Crystal clear. Gut-punching.

Isabella—lost in drugs and filth. Tangled with strangers in penthouse suites and private clubs. Eyes vacant.

Memory card beside them. Full videos.

Pride. Discipline. Legacy.

Smashed to dust by paper and pixels.

Downstairs, orchestra warming up. Laughter floating like another planet.

Study? Tomb silent.

Color drained from his face—yellow as old newsprint.

Fingers crushed the papers. Nails dug into palms. Blood. Didn't feel it.

His world didn't tilt.

It exploded.

He could almost hear Victor whispering:

Look at your masterpieces, Mr. Williams. This is what your "discipline" grew. You built a castle on rot.

Rage?

Yeah.

A white-hot inferno. Wanted to storm downstairs, choke Edgar, lock Isabella in a tower.

But rage lasted a heartbeat.

Then came the avalanche—failure.

Total. Soul-crushing.

He'd controlled everything. Demanded perfection.

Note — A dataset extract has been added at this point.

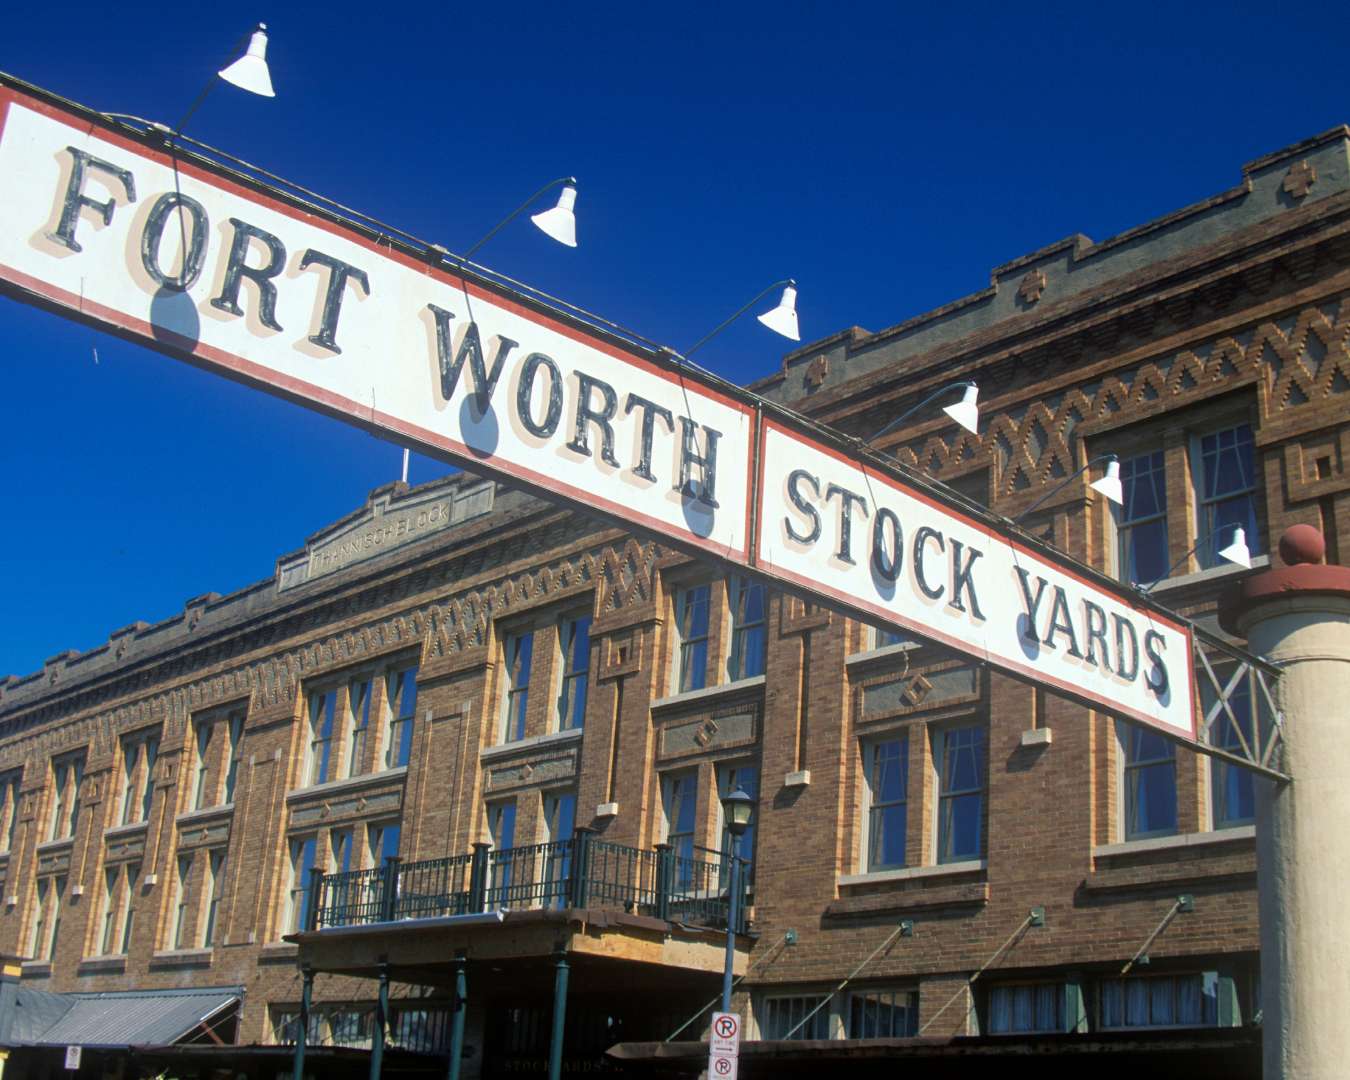 Fort Worth Stockyards sign

Now? He'd never controlled shit.

His parenting? Joke.

His authority? Delusion.

His precious reputation? Tissue paper.

Soon the whole city would laugh.

Shame.

Bile-in-the-throat shame.

Those photos flashed—overlaid with baby Isabella's giggle, her first dance recital hug.

He gagged.

Debt numbers coiled around his heart like pythons.

Despair.

Bottomless.

Everything he lived for—gone.

Why grind a lifetime?

For these kids who gutted his empire and humiliated him?

For the gala crowd about to whisper behind champagne flutes?

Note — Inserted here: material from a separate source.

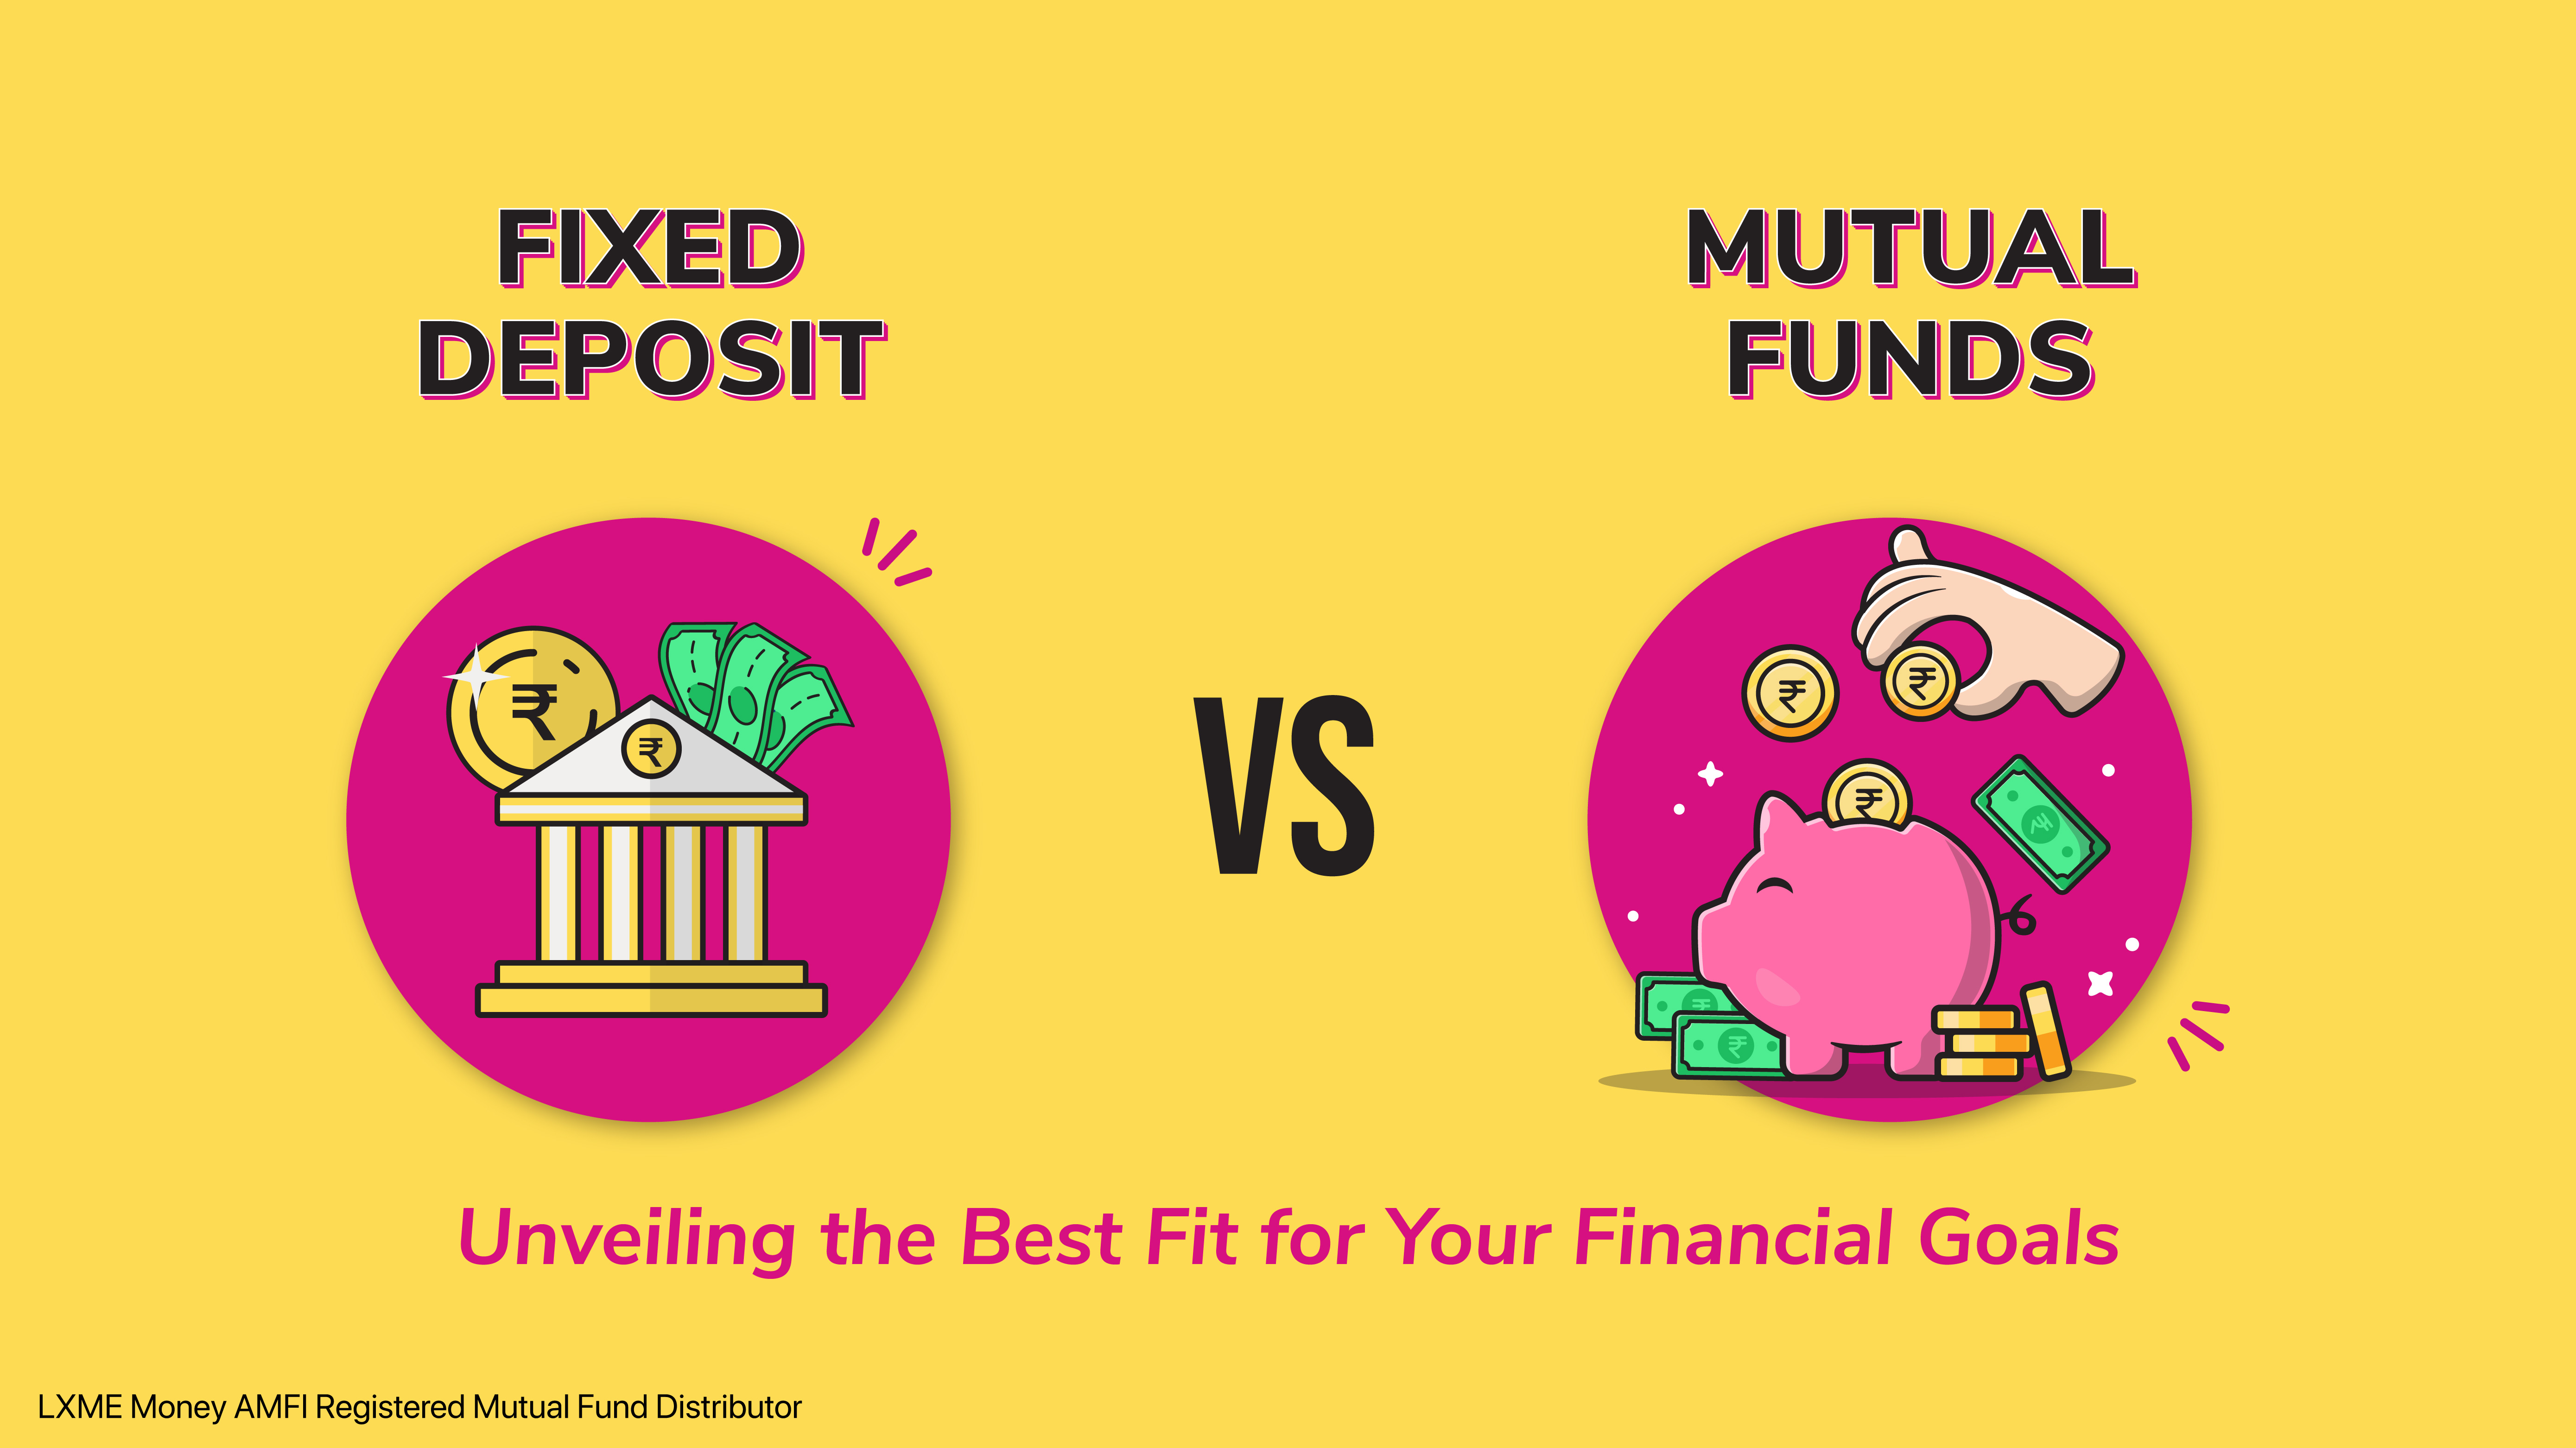 Fixed deposit vs Mutual funds

The mental blow buckled his knees. He gripped the desk, gasping like a fish.

Emcee downstairs calling him to the stage.

Voice warped, miles away.

He couldn't go.

Couldn't face the eyes—some already knowing.

His lifetime image? About to shatter into dust finer than powder.

He stumbled out of the study. Dodged staff. Fled upstairs to the master bedroom.

The louder the party, the deeper his silence.

·······

Gala ended weird.

Host never showed.

Butler—awkward—announced Mr. Williams taken ill. Event over.

Guests filed out, buzzing with curiosity and mild annoyance.

Mansion fell heavy. Suffocating quiet.

Edgar and Isabella felt the storm but didn't know the eye.

They knocked on Dad's door.

Only answer: a beastly, hoarse "GET OUT!"

Deep night.

Old Williams sat in the dark. Statue crumbling fast.

Rage, shame, despair—all settled into nothing.

He reviewed his life: cold deals, iron rules, this ugly end.

What was left?

He stood. Shuffled to the bathroom.

Movements slow. Wind-up toy running down.

Turned the tap. Hot water roared into the huge porcelain tub.

Steam rose. Blurred the mirror. Blurred his eyes.

Didn't undress. Stepped in—full tails.

Scalding water wrapped his cold body. Fake comfort.

He slid down. Water over chest. Chin. Face.

Eyes open. Staring at ceiling blur.

Mind flashed glory—then Edgar's timid A+ paper, Isabella's toddler hug…

Overwritten. Torn apart by debt docs and filthy photos.

Water cooled.

Hot to warm to chilly to freezing.

He didn't feel.

Body numb long ago.

Soul died the second he opened that drawer.

This was just a shell still breathing.

Cold crept in—slow, merciless—like Victor's revenge. Sucked the last heat from his bones.

Teeth chattered. Body shook.

Old Williams didn't want to die.

Panic hit. Thrashing to get out.

But Edgar and Isabella were suddenly there.

Two pairs of hands shoved him under.